The White Order (The Saga of Recluce #8)(108)
Lyasa eased her lithe form onto the last stool around the circular table, her eyes going to Cerryl. “I heard you're almost through with your first secondary.”
How had she heard? From Leyladin? “Almost. Myral thinks I may have to do another.”
Lyasa nodded. “That can happen.”
Faltar's eyes flicked back and forth between them. “You two are always leaving things out.” He slurped some of the barley soup, then broke off a chunk of bread and shoved it in his mouth.
“You'll learn why. I also heard that it won't be more than a few eight-days before you start in on the sewers.”
“So tell me what you're leaving out.”
“After you start in the sewers,” answered Lyasa.
“You're not fair.”
“You think chaos is fair?” countered the slender black-haired young woman.
“Or order?” added Heralt.
“You're all against me,” complained Faltar, spoiling his words with a wry smile.
Cerryl half-listened, watching as Bealtur returned to eat with Kesrik, but neither student spoke, and both ate quickly and left the hall.
“Cerryl... are you here?”
“Oh ...” He turned to Lyasa. “I'm sorry. I was thinking.”
“About what, I wonder?” Faltar grinned. “Or should I say who?”
“Better not,” countered Cerryl, “or I'll talk about your dreams.”
Faltar flushed.
“Look at him ... look at him.” Heralt smiled broadly.
“What... about... your dreams?” Faltar jabbed, bread still in his hand, toward Lyasa.

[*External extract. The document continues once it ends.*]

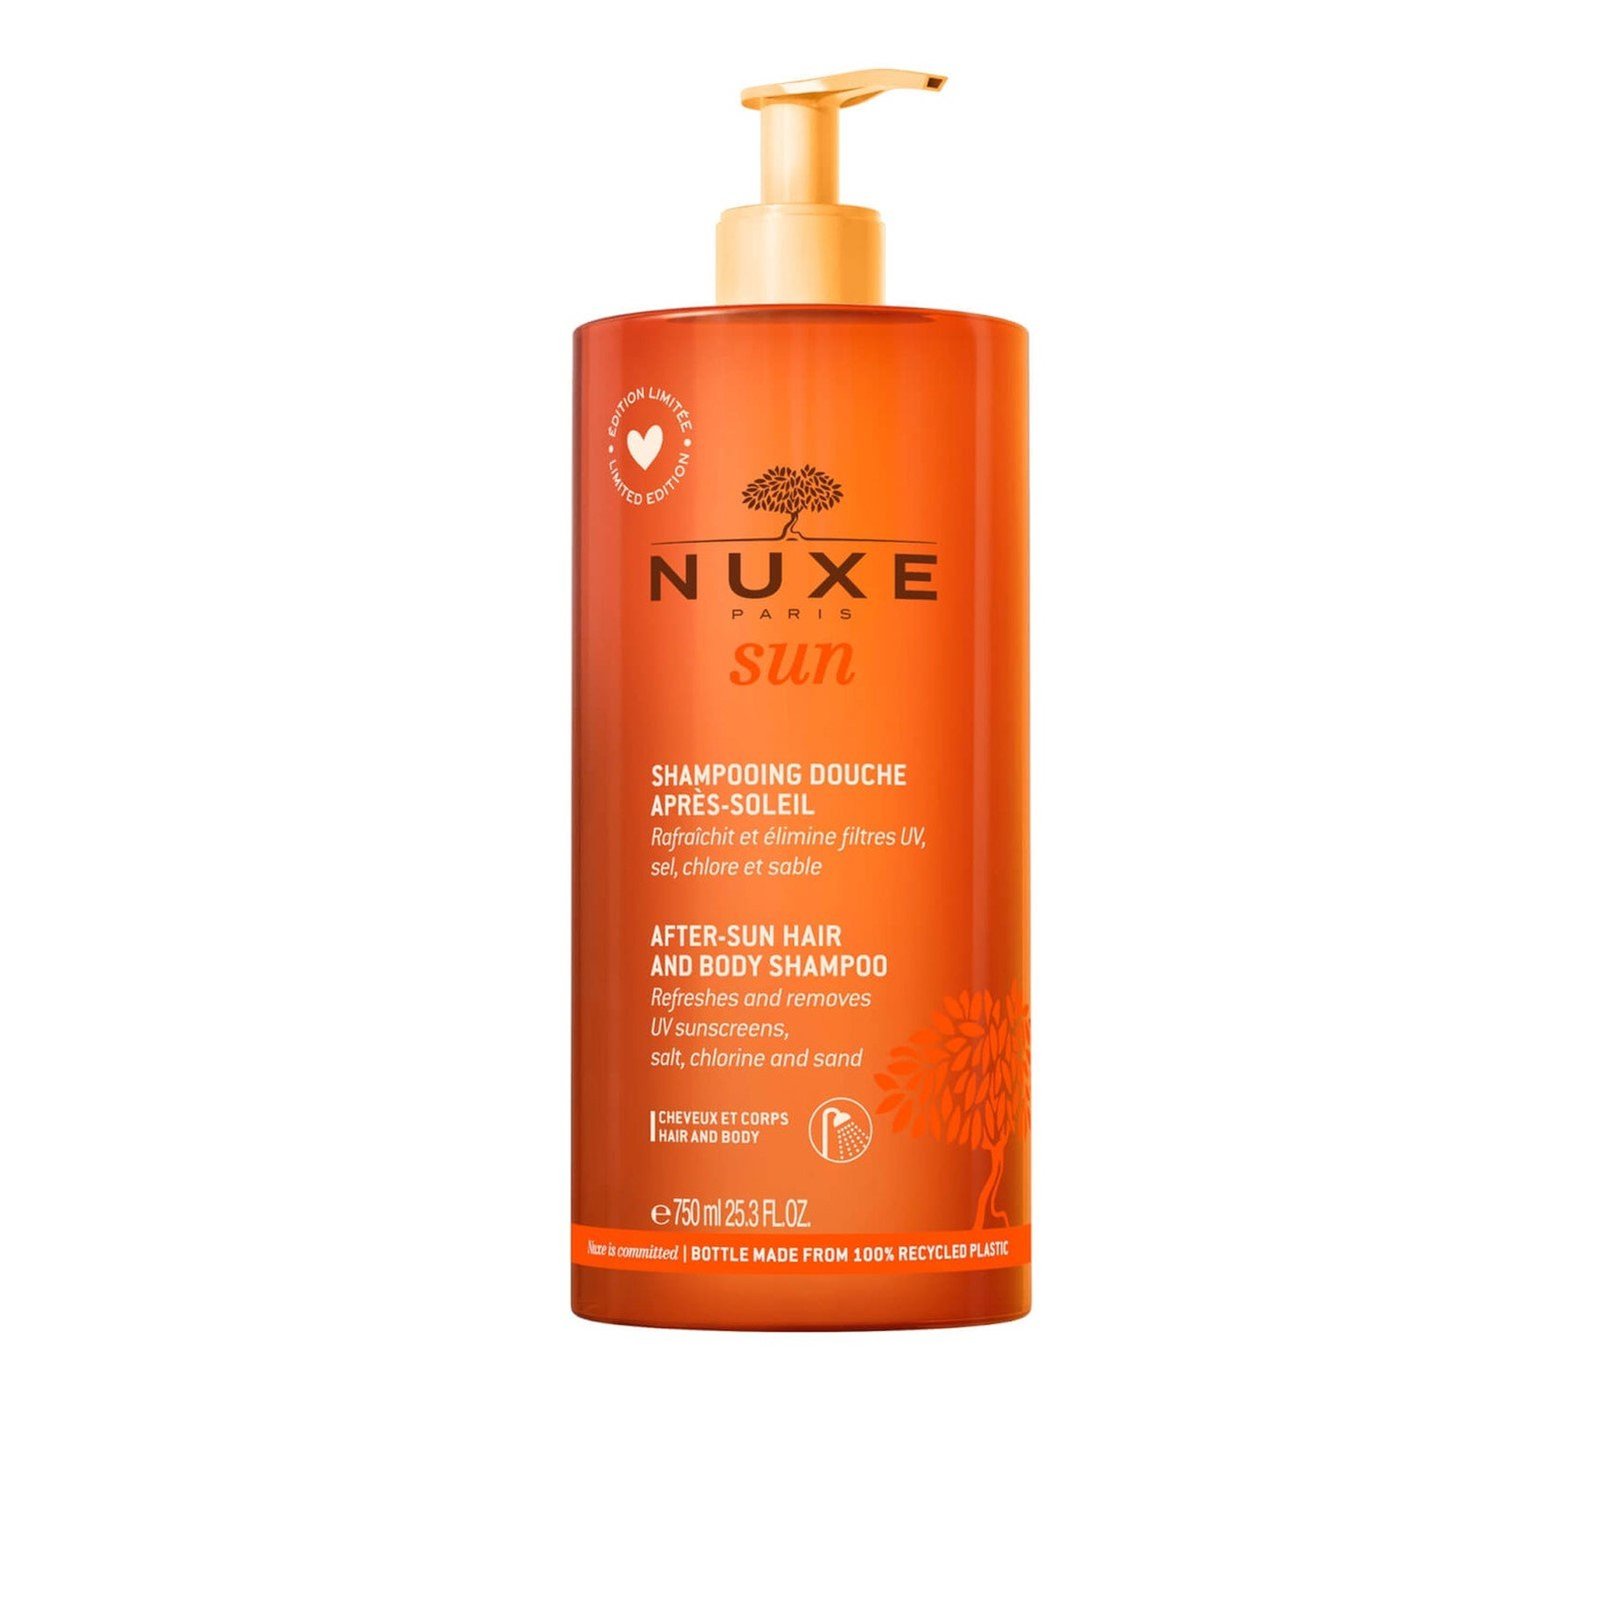 NUXE Sun After-Sun Hair And Body Shampoo 750ml

“My dreams are mine. And they remain mine.” She raised both eyebrows in high arches.
Cerryl couldn't help grinning.
“All of you ... all against me ...” protested Faltar.
“Poor Faltar ...”
Everyone laughed, even Faltar.
Later, well after dinner, Cerryl sat on the stool at the desk in his cell, looking blankly at the open pages of Naturale Mathematicks. The formulas and numbers in the dark iron-gall ink seemed written more in the evanescent white of chaos than in solid ordered black ink.

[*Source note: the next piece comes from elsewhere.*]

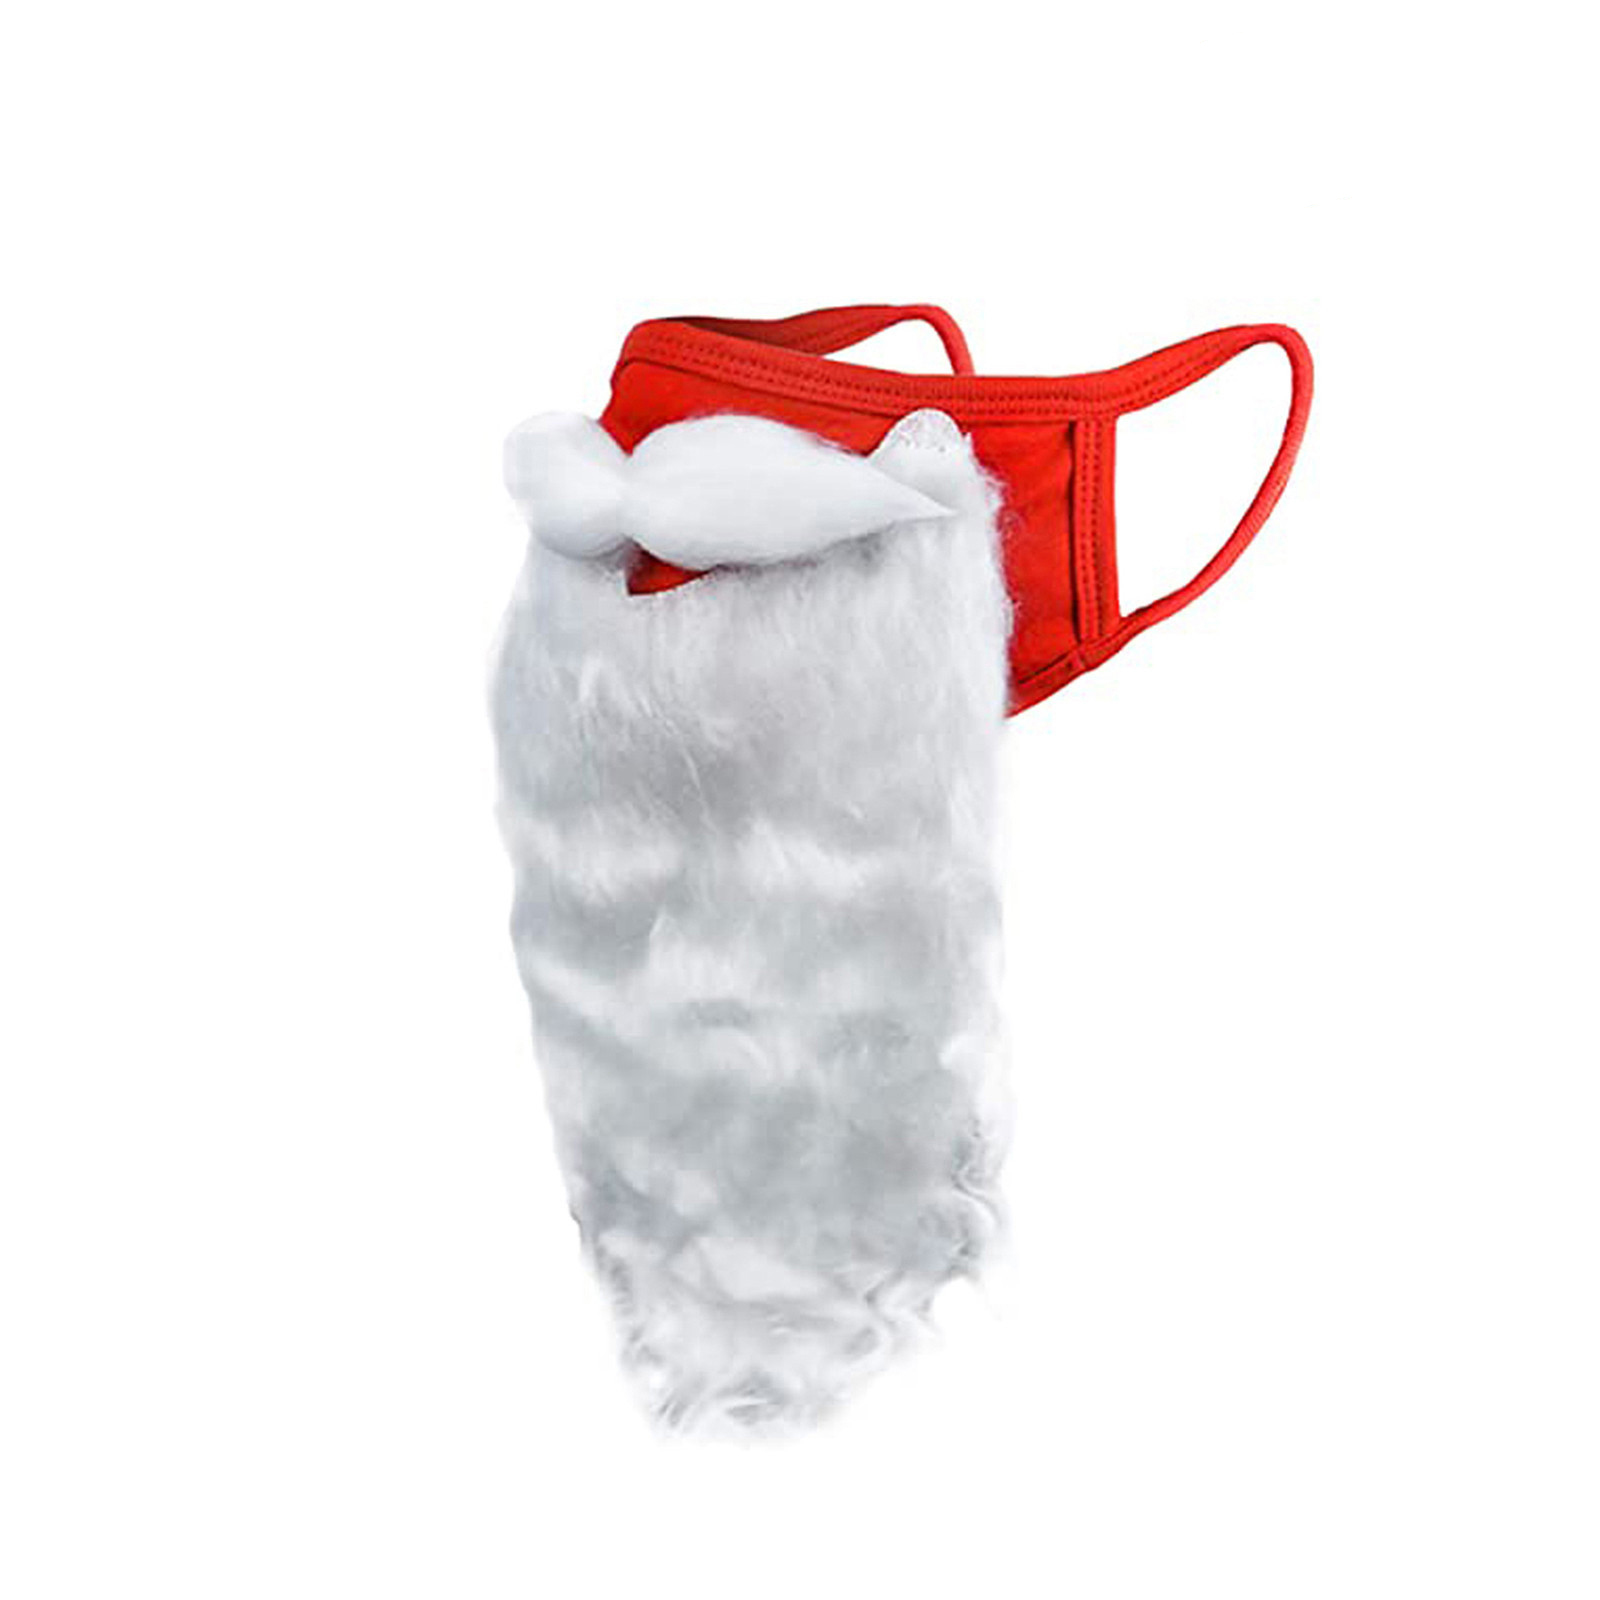 Creative Christmas Santa Beard Mask Funny Festive Costume Accessory

The more he learned the less he knew.
Anya was visiting Faltar in the darkness, shielding herself with ordered chaos... and Cerryl couldn't see why. Faltar didn't have wealthy family like Kesrik, and he wasn't powerful like Jeslek or Sterol.
Add to that that the collector tunnels Kesrik was supposed to have cleaned had been cleaned by someone else.

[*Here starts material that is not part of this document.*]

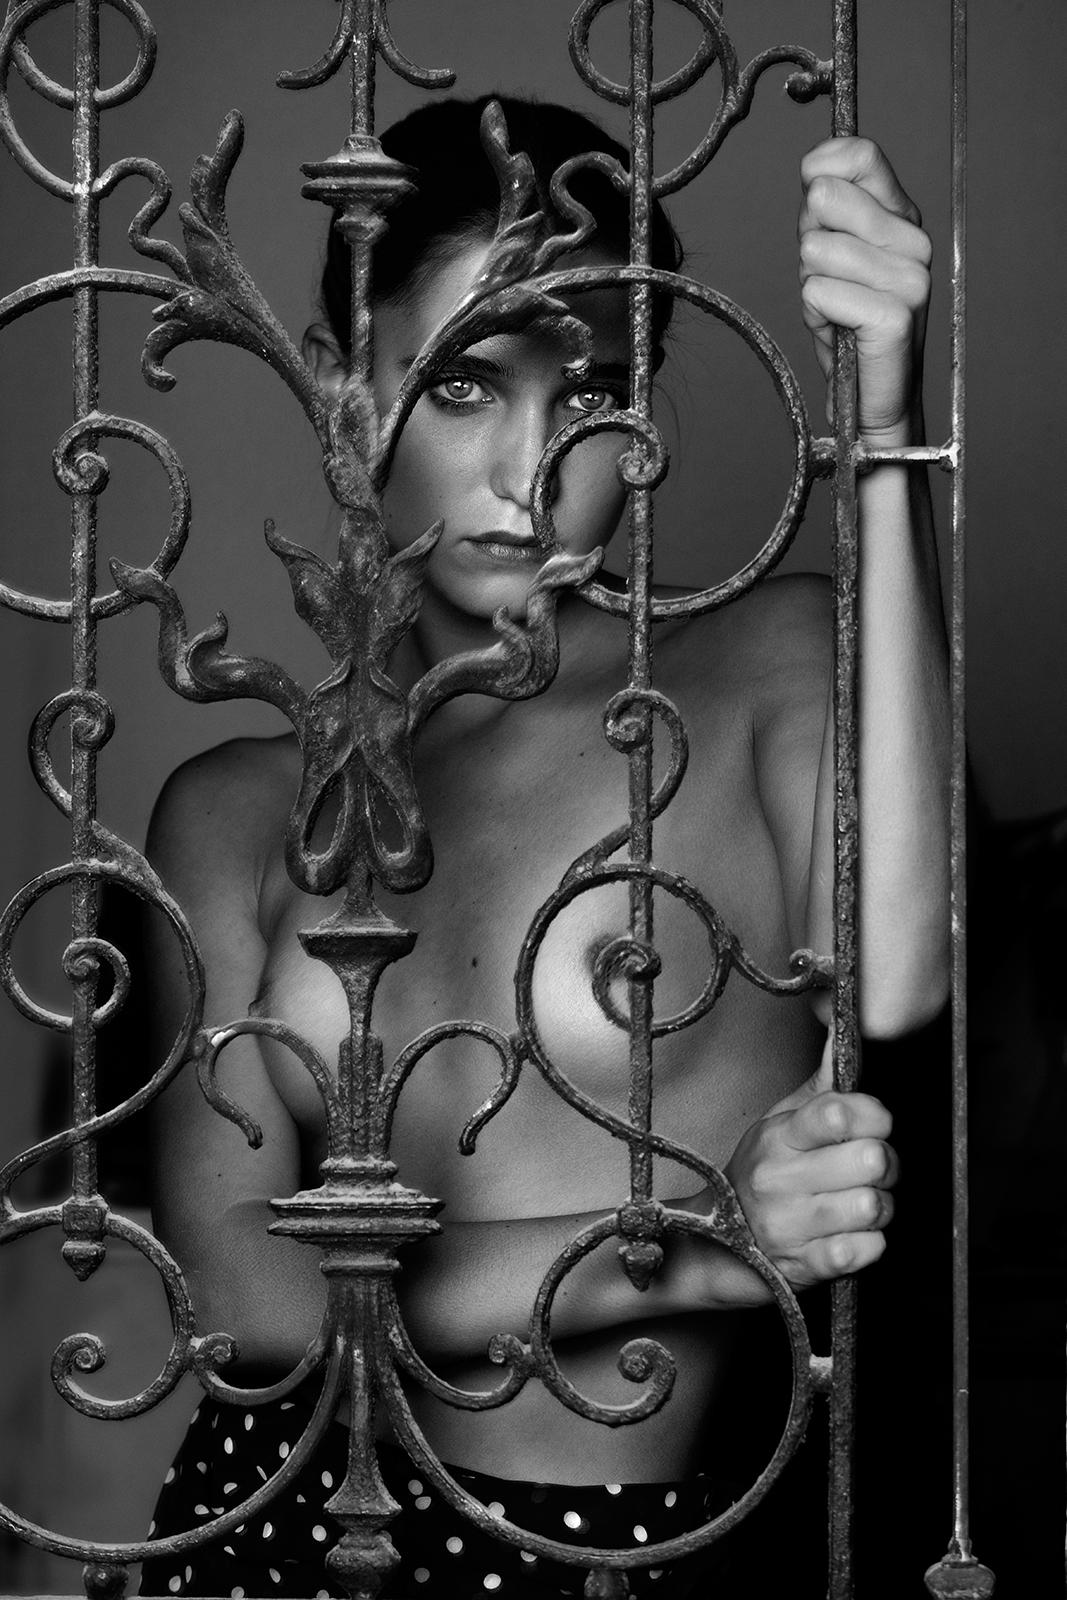 Nude Photograph Ian Sanderson - Impression d'art nue en édition limitée signée, Woman Model, Intimate - Caroline

Then . . . Myral had warned Cerryl about radiating too much chaos, and then told him about the sewers assigned to Kesrik. The old mage had also told Leyladin about his progress. Had she asked?
A faint smile crossed Cerryl's face, but he shook his head. She'd been nothing more than friendly. Nothing more than friendly, and somewhat standoffish, he reminded himself.
But what could Cerryl do? How could he protect himself?
Myral had talked about mages burning themselves out, and others like Sterol shielding their chaos powers. Why couldn't he do both? Let others think he had burned out some of his powers ... but conceal what he could do? Could he do it?
He swallowed.
But why shield? He nodded. Shielding was necessary because mages essentially carried chaos within themselves-or around them. Better to call on chaos or channel it from elsewhere ...
“Large words and thoughts...” The words almost dribbled from his lips and he glanced around the dark cell. Conceiving of the idea was easy. Working it out in a way convincing to others was a harder problem.
Another smile crossed his lips. He had an entire new sewer collector tunnel to work on, and no one to observe closely.
White Order
LXXV
The struggle between the white and the black, between the way of rightness and the powers of darkness, will continue so long as the world endures, for even as the Guild has banished one twisted vine of darkness, yet another springs from the wickedness of the world.
When the ancient white mages had imprisoned the dark forest of Naclos and created the great and peaceful land of Cyador, they believed that they had banished darkness forever, but the demon powers reached and drew mighty champions from far beyond the world, and the black mage Nylan sundered the prison created by the righteousness of Cyador and freed the dark forest.
When Westwind sundered the lands of the west, the white mages of long ago rebuilt the lands of the east into a bastion of light and prosperity, and founded the city of light itself, a beacon unto all the world that light, like the sun from which it comes, always conquers the darkness.
Then, after years of struggle, the white brethren of the Guild at last overthrew the tyranny of Westwind. Yet before the last stone had fallen before the last female demon had fallen on those defiled heights, the black wind wizard Creslin created another haven for darkness upon the barren isle of Recluce.
In the fullness of time, when Recluce is sundered and split in twain, then, too, will yet another black fortress arise, for never can darkness be overcome, but only conquered and held at bay so long as the right-thinking continue their efforts . . .
Yet, we should not consider such efforts as futile, for with each effort, the powers of light have increased and grown more able to provide peace, prosperity, and the providence of life to those who follow the path of light.